I’ve been working at Moneywise for close to a year now and while I still have a fair way to go before I start tipping shares to friends in the pub I have learnt enough to know that my attitude to my finances is pretty poor.

It is said that recognition of bad habits is the first step towards correcting them though and as I embark on 2009, I’m hoping I can take a more proactive approach to my finances. New Years resolutions usually don’t last more than a week before your good intentions to go to the gym five times a week or bring homemade, organic, fair trade, whatever else, soup to work every day, are swept away in a reality bites–style comedown.
So instead of putting unrealistic expectations on myself, I’m going to start things off simply so that I don’t feel completely overwhelmed by attempts to understand the finer points of split caps and give up.   

The first thing I need to do is sort out where to put my money. It is tempting, with inflation, to defend my decision  – or should that be lack of – to keep my savings in my current account given that all savings accounts now offer significantly reduced interest rates at the moment. I could use the same excuse for not having an ISA too but like Michael Jackson saying he didn’t have a nose job, it would be all lies.

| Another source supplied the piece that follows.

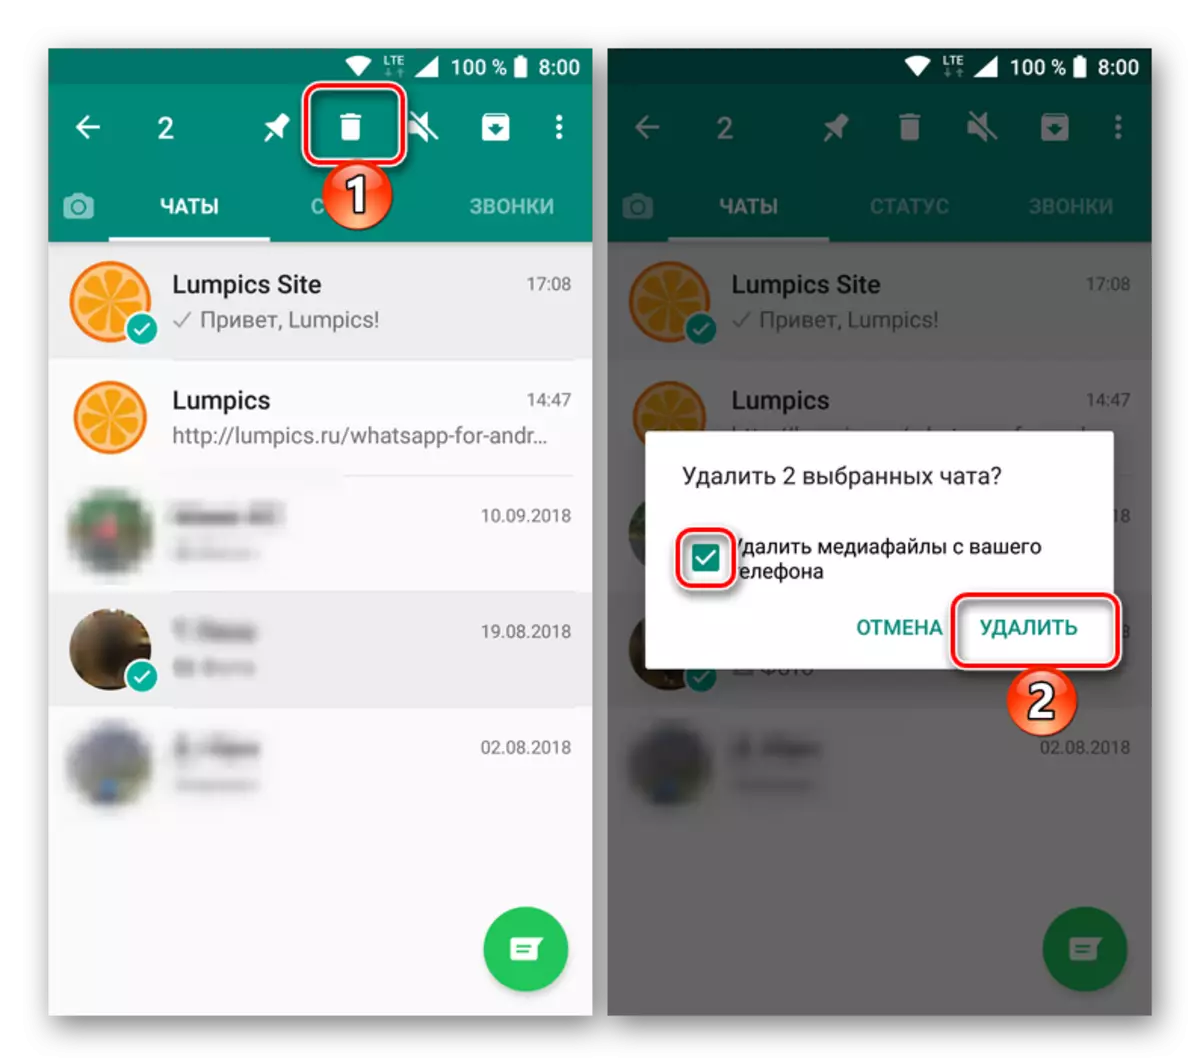 การกำจัดการแชทที่เลือกหลายรายการใน Vatsap Messenger สำหรับ Android

So number one (and two) on the list is to move my fledgling savings pot into an ISA and savings account. OK there might not be any 7% fixed rate accounts available but getting me to keep my savings separate from day–to–day available funds should instill a better savings ethic.

Knowing where my money goes is another simple but nonetheless valuable principle I need to apply. That means reading my bank statements, knowing how much I spend at the shops and not allowing myself to get more cash out than my weekly limit. As mentioned in ‘How (not) to do your tax return’, I am trying to keep all paperwork filed together too, which should make this an easier process.

Feeling ever so slightly smug I am paying into a pension already. It’s at this point though that the air of self–satisfaction evaporates and I have to admit to being a SAMAD – that is ‘still at mum and dad’s’ despite ahem, being well into my twenties.  The economic benefits are obvious: no mortgage and low living costs mean it’s easier to save money.

On the flipside though because I don’t have the same pressure to keep as tight a reign on my money, my SAMAD status has probably also contributed towards my lazy financial habits. A radical step to this would be to move out and stand on my own two feet – various other platitudes to follow. But realistically this isn’t an option at the moment and I’d miss my cat – and family of course.

OK so I can’t move out but if I do the above steps then I’ve ad least managed to shake myself out of my inertia. And one day, I too can take on a colossal mortgage, complain about energy price hikes and surf endless price comparison sites for home insurance policies. One step at a time though…

Nathalie Bonney is editorial assistant at Moneywise

Your Comments

I wonder how many SAMADs are out there that could afford to stand on their own two feet, but don't fancy the cut in their disposable income that comes with it. I remember when I moved out, it was like taking a 50% pay cut at the time as it had that much of a dramatic effect on my finances. Whilst it may sound like a good idea to stay at home for as long as possible, unless you are really strict with yourself and save all the additional money then it will just lead to a bigger culture shock later when you do eventually move out.